“I have little patience with scientists who take a board of wood, look
for its thinnest part, and drill a great number of holes where drilling is easy.”
-- Albert Einstein (German born American Physicist, 1879-1955)
Google© Scholar has made it easy, with its advanced search feature, to create
sophisticated search strategies to retrieve what you need while reducing the
amount of time you spend wading through irrelevant results.
Here, from simple to increasingly complex, are four examples, each illustrated with
samples from the results list. To get the most out of the examples, navigate to
Google Scholar (http://scholar.google.com/schhp?hl=en&tab=ws),
then click “Advanced
Scholar Search.” All search strings are restricted to a publication
date of “2011.”
///////
The simplest of all search strategies is to
search for one key word …
Search String: DESULFURIZATION
One result (out of 3440):
///////
Journal of Catalysis, Volume 279, Issue 2, 25 April 2011, Pages 269-275
Oxidative
desulfurization of dibenzothiophene and diesel over [Bmim]3PMo12O40
Jian
Zhang (a), Anjie Wang (a, b), Xiang Li (a, b), Xuehu Ma (b)
ajwang@dlut.edu.cn
a State Key Laboratory of Fine Chemicals, Dalian University of Technology,
Dalian 116012, PR China
b Liaoning Key Laboratory of Petrochemical Technology and Equipments, Dalian
University of Technology, Dalian 116012, PR China
Abstract
A hybrid material ([Bmim]3PMo12O40) was synthesized by reacting H3PMo12O40 with
the ionic liquid 1-butyl-3-methyl imidazolium bromide. SiO2-supported
[Bmim]3PMo12O40 showed a high catalytic activity in the oxidation of
dibenzothiophene (DBT) with 29% H2O2 aqueous solution as the oxidant. Maximum
activity was observed at a loading of 20 wt.% [Bmim]3PMo12O40 on SiO2, and 100%
DBT conversion was achieved at 60 °C, atmospheric pressure, and an oxygen to
sulfur (O/S) molar ratio of 3.0 in 100 min. The high performance of
[Bmim]3PMo12O40/SiO2 might be attributable to its amphiphilicity, which
enhances adsorption of both H2O2 and sulfur-containing compounds.

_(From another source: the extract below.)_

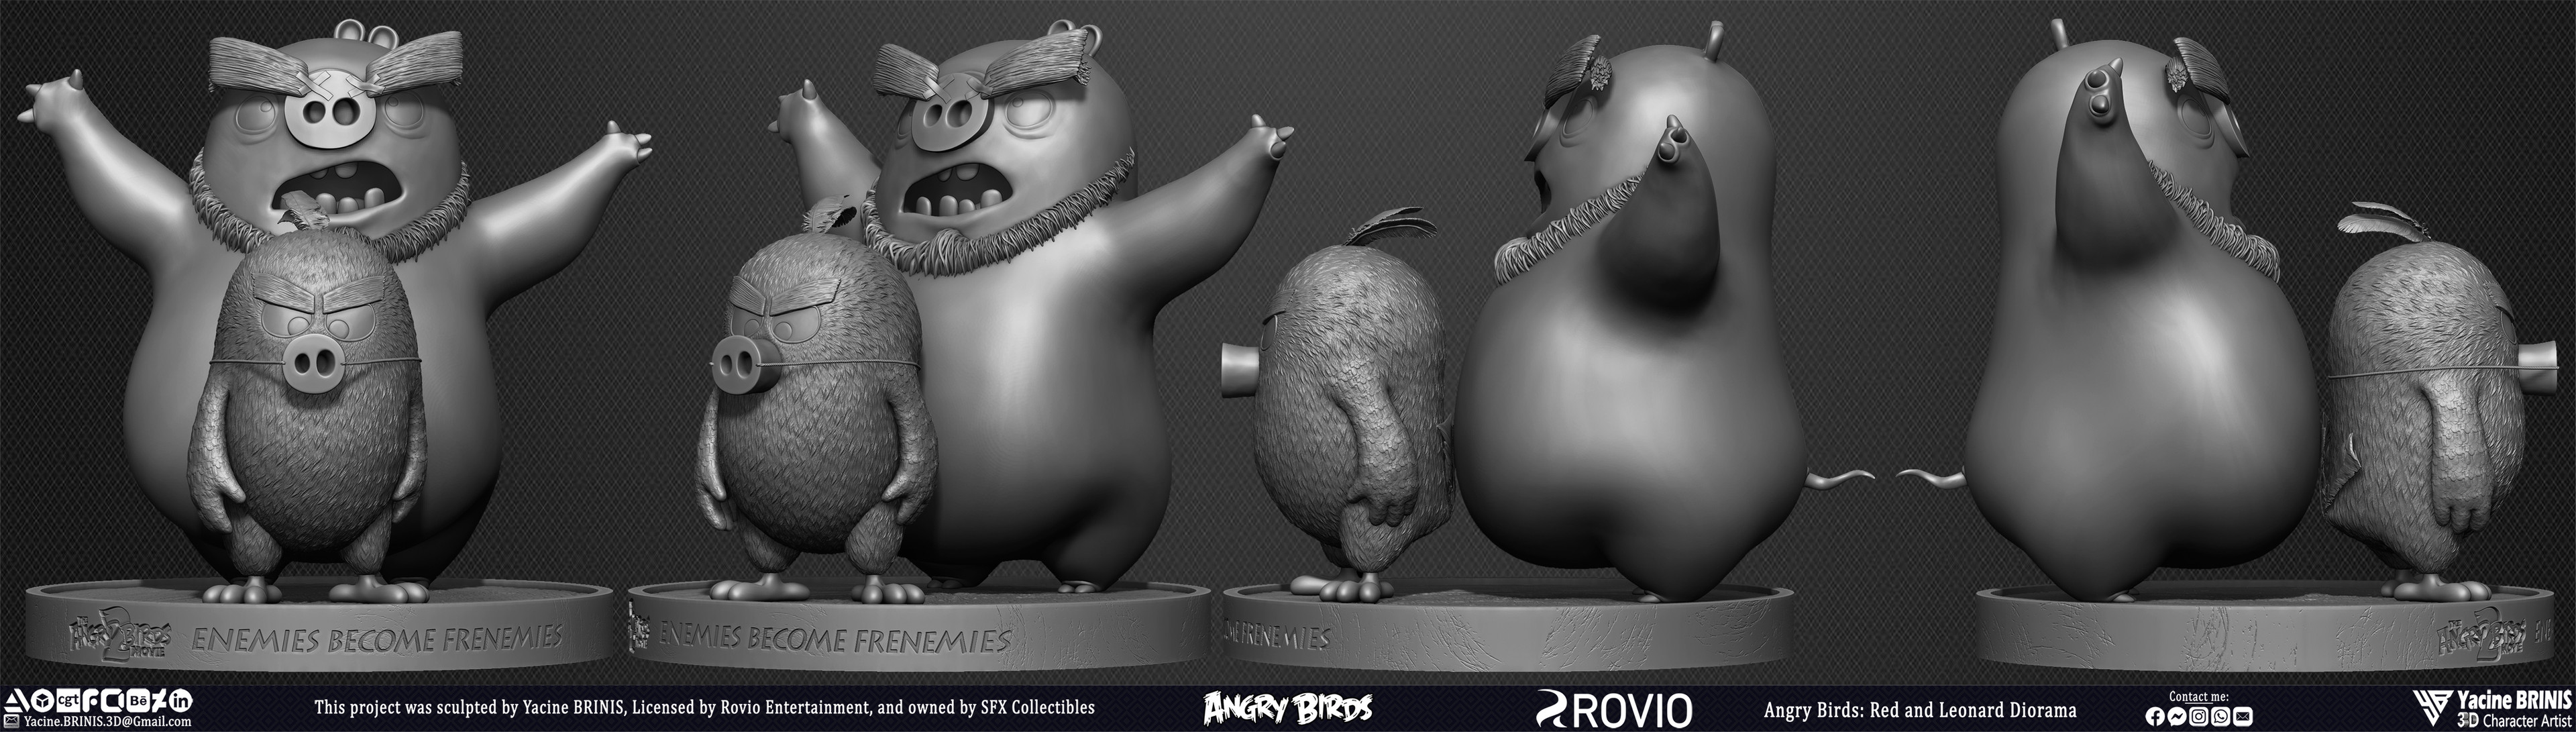 Red and Leonard Diorama Angry Birds movie 02 Rovio Entertainment sculpted by Yacine BRINIS 002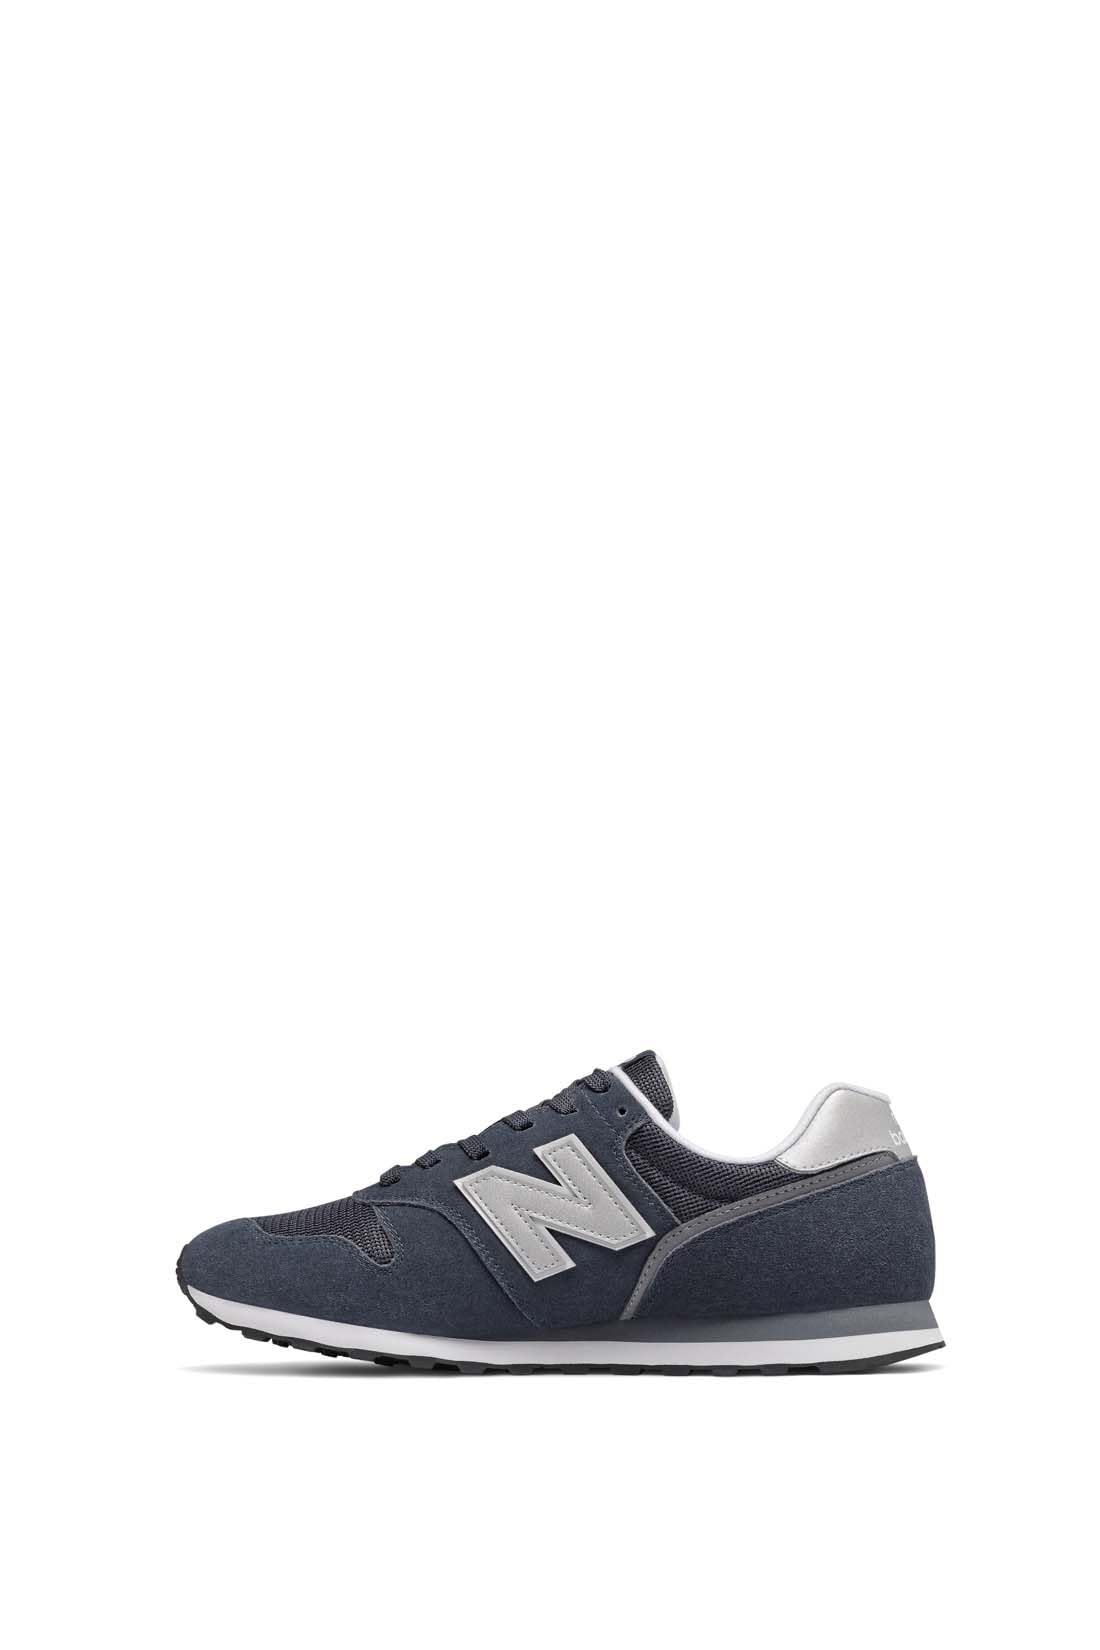 New Balance Herren 373 Core Schuhe, Blau Navy White Cc2,42 EU

[Bmim]3PMo12O40/SiO2 could be easily separated by centrifugation and reused
without deactivation after seven runs. Quinoline and carbazole had slightly
positive effects on DBT oxidation, whereas indole had a negative effect. The
high performance of [Bmim]3PMo12O40 was verified in the sulfur removal from a
real diesel by means of oxidation followed by dimethylformamide extraction.
source: http://www.sciencedirect.com/science/article/pii/S0021951711000285
///////
Focus your search by adding a second key word. Type
the two key words into the “with all the words” box …
Search String: desulfurization diesel
One result (out of 685):
///////
Ultrasonics Sonochemistry, Volume 18, Issue 1, January 2011, Pages 264-268
Sono-desulfurization
oxidation reactivities of FCC diesel fuel in metal ion/H2O2 systems
Yongchuan
Dai (a), Dezhi Zhao (a), Yutai Qi (b)
ych_dasic@yahoo.com
a Department of Petroleum Chemical Engineering, School of Petroleum Chemical
Engineering, Liaoning Shihua University, Fushun 113001, PR China
b School of Chemical Engineering and Technology, Harbin Institute of
Technology, Harbin 115001, PR China
Abstract
The objective of this work was to probe experimentally the characteristics of
the use of Fe2+ or Cu2+ ions in the ultrasound-assisted oxidation
desulfurization (UAODS) of diesel fuels and to develop a model that
appropriately represented the mechanism. The influence of metal ions (Fe2+ or
Cu2+) on aqueous phase pH values of the UAODS of diesel fuels was investigated.
The UAODS proceeded rapidly only within a limited pH range from 1.9 to 2.1. It
was observed that the UAODS of diesel fuels fitted pseudo-first-order kinetics
under our experimental conditions. In UAODS of diesel fuels the apparent
reaction rate constants can be greatly enhanced by addition of metal ions
and/or using ultrasound. The combination of ultrasound and the metal ions can
also reduce the apparent activation energy rapidly. The order of the apparent
reaction rate constants in UAODS of diesel fuels is US–Fe2+–H2O2 system
> US–Cu2+–H2O2 system > US–H2O2 system > H2O2 system.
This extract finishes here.